Noah hanya mengelus kepala hewan itu sambil melanjutkan pikirannya.
‘Kemampuan untuk masuk dan keluar tubuhku sesuka hati dengan kecepatan seperti itu jelas merupakan salah satu aspek terkuat dari mantra ini. Aspek lainnya adalah kemampuan penyembuhan pendamping yang hampir tak terbatas jika aku memiliki cukup “Napas” untuk mempertahankannya, hanya serangan yang sangat kuat yang mungkin memaksa pendamping untuk berhibernasi agar pulih.’
Nuh mengambil beberapa potong daging dari cincin luar angkasanya dan makan sampai kenyang, lalu dia mendekati ujung gua dan berbaring di tanah untuk tidur.
Ular halus itu menjulurkan kepalanya ke luar tubuh Nuh, menatap dengan saksama ke sekelilingnya.
‘Pengeluaran itu bahkan tidak terlalu besar karena pendamping darah sebagian besar otonom, hanya satu perintah saja sudah cukup untuk membuatnya bekerja selama berjam-jam. Kurasa itu diimbangi oleh persyaratan untuk mengaktifkan mantra dan tekanan konstan yang dipaksakan pada pengguna karena berbagi indra mereka.’
Dia teringat beberapa kata dalam buku harian Uriah dan mengangguk dalam hati.
‘Tidak heran Uriah menyebutnya “puncak seni mereka”, hanya dengan bertarung berdua alih-alih sendirian, kekuatannya menyerupai sihir yang digunakan Orson, dan ini tanpa mempertimbangkan aspek lain dari pendamping darah dan fakta bahwa elemen kita bahkan tidak sama.’
Noah sangat puas dengan kekuatan mantra tersebut dan tahu bahwa mantra yang ditunjukkan dalam pertempuran sebelumnya bukanlah potensi penuhnya.

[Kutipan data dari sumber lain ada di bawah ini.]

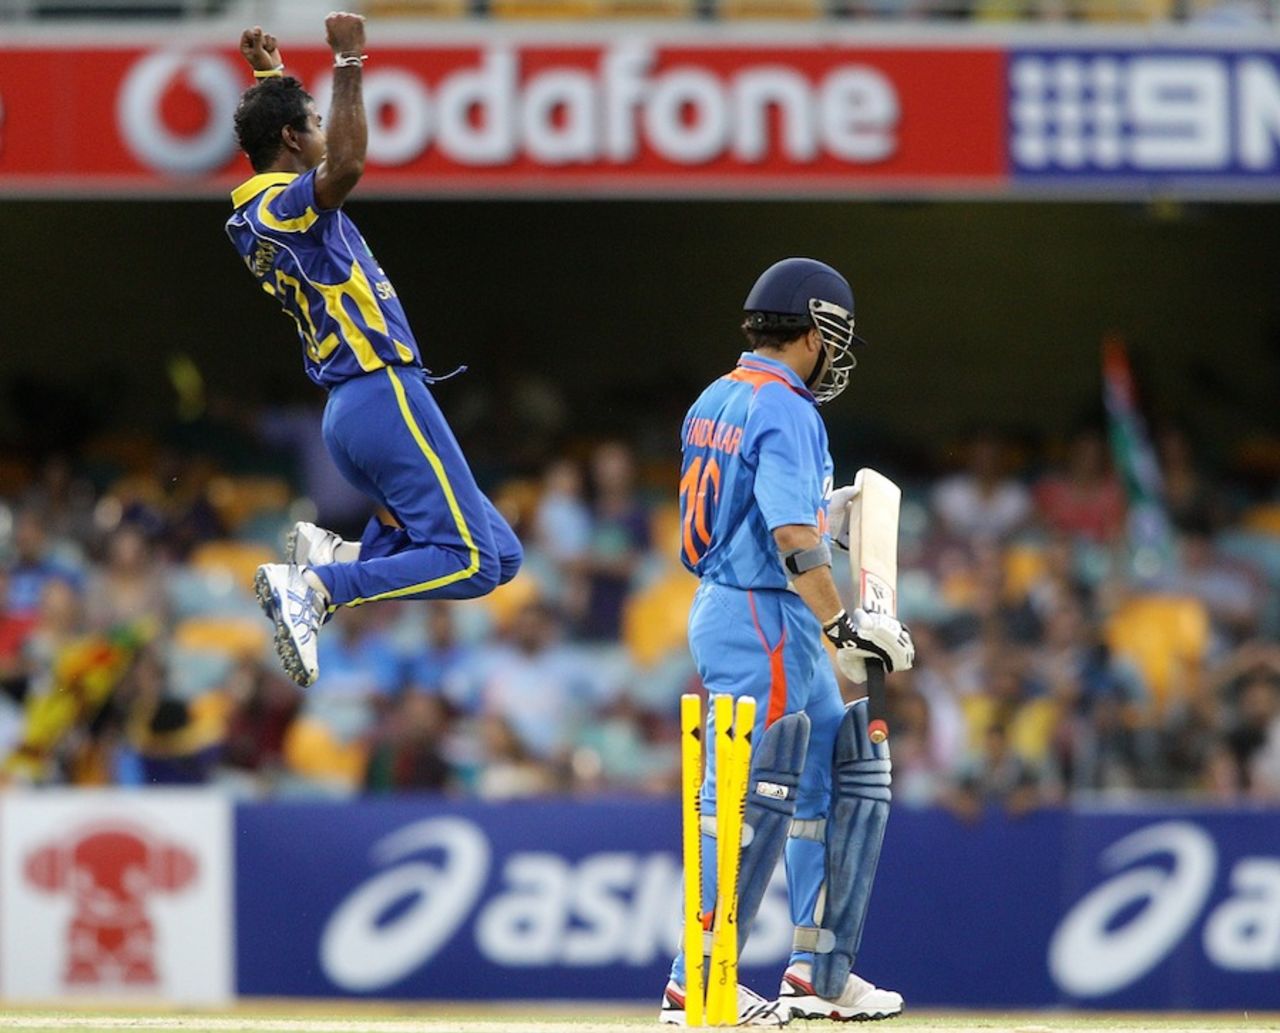 Nuwan Kulasekara celebrates Sachin Tendulkar's wicket, India v Sri Lanka, CB Series, Brisbane, February 21, 2012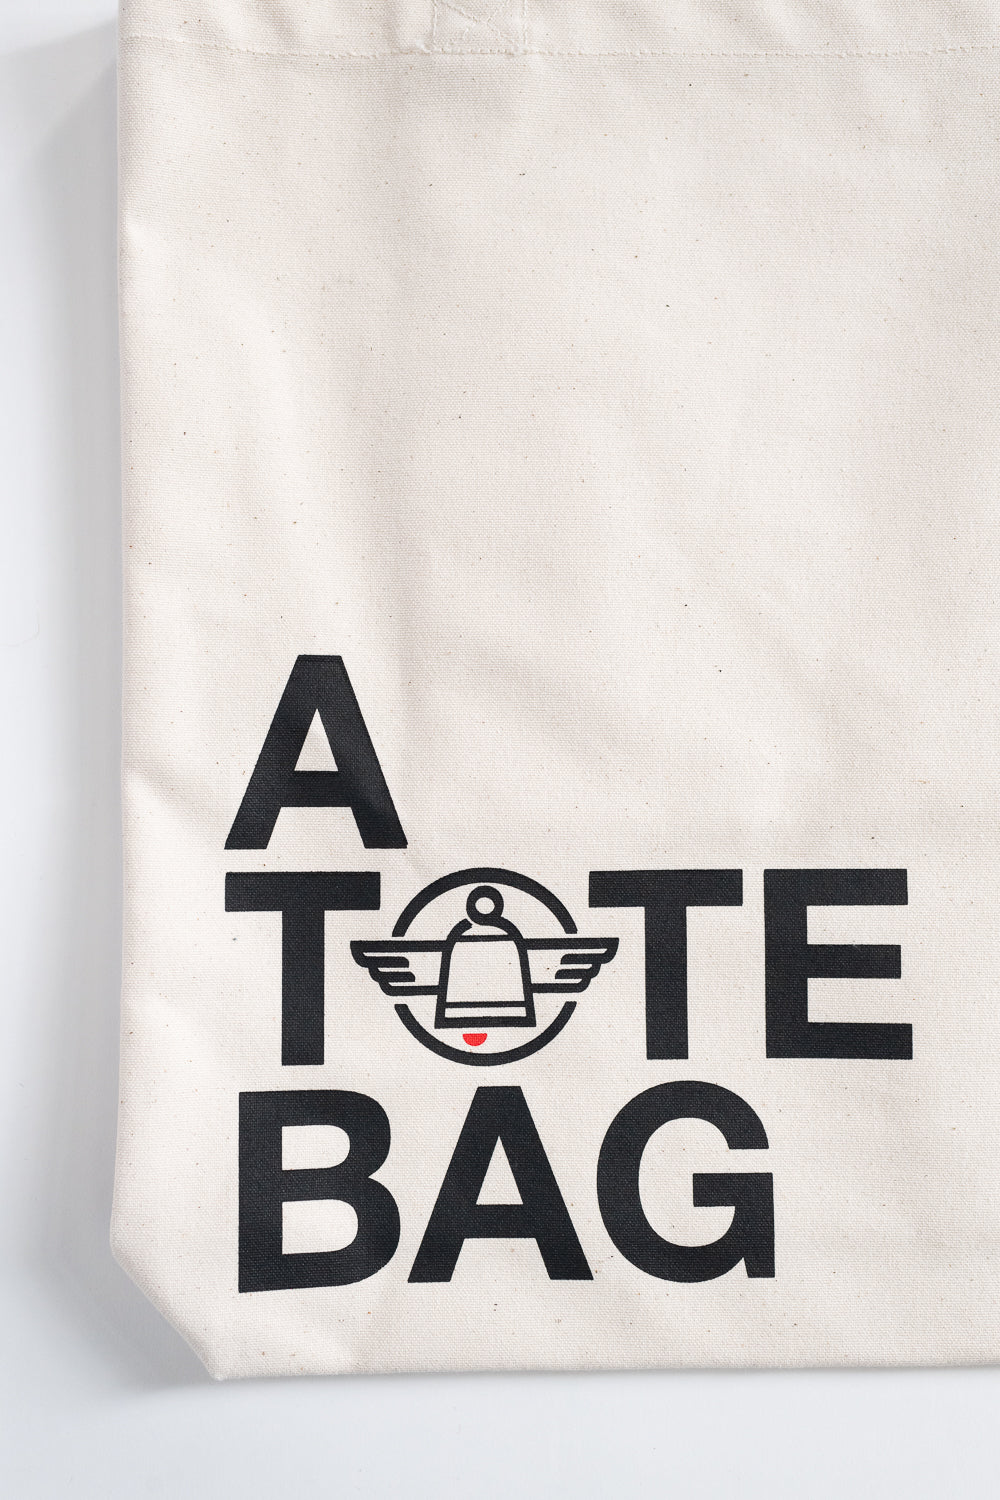 IH-TOTE-ATOTEBAG - Printed Canvas Tote Bag - 'A Tote Bag' Print

‘Saat aku mendapatkan dantian dan mengetahui elemenku, aku harus mengganti pendamping, jika tidak, aku akan menyia-nyiakan kekuatan sebenarnya dari mantra itu.’
Dia menoleh untuk melihat kepala ular yang menjaganya dan tersenyum kecil.
‘Kurasa aku harus memberinya nama selagi aku masih menyimpannya. Mari kita beri nama Assea untuk menghormati mereka yang menciptakan teknik ini.’
Kemudian, Nuh memejamkan matanya dan tertidur, dengan temannya yang kini bernama Assea menjaganya dengan ketat.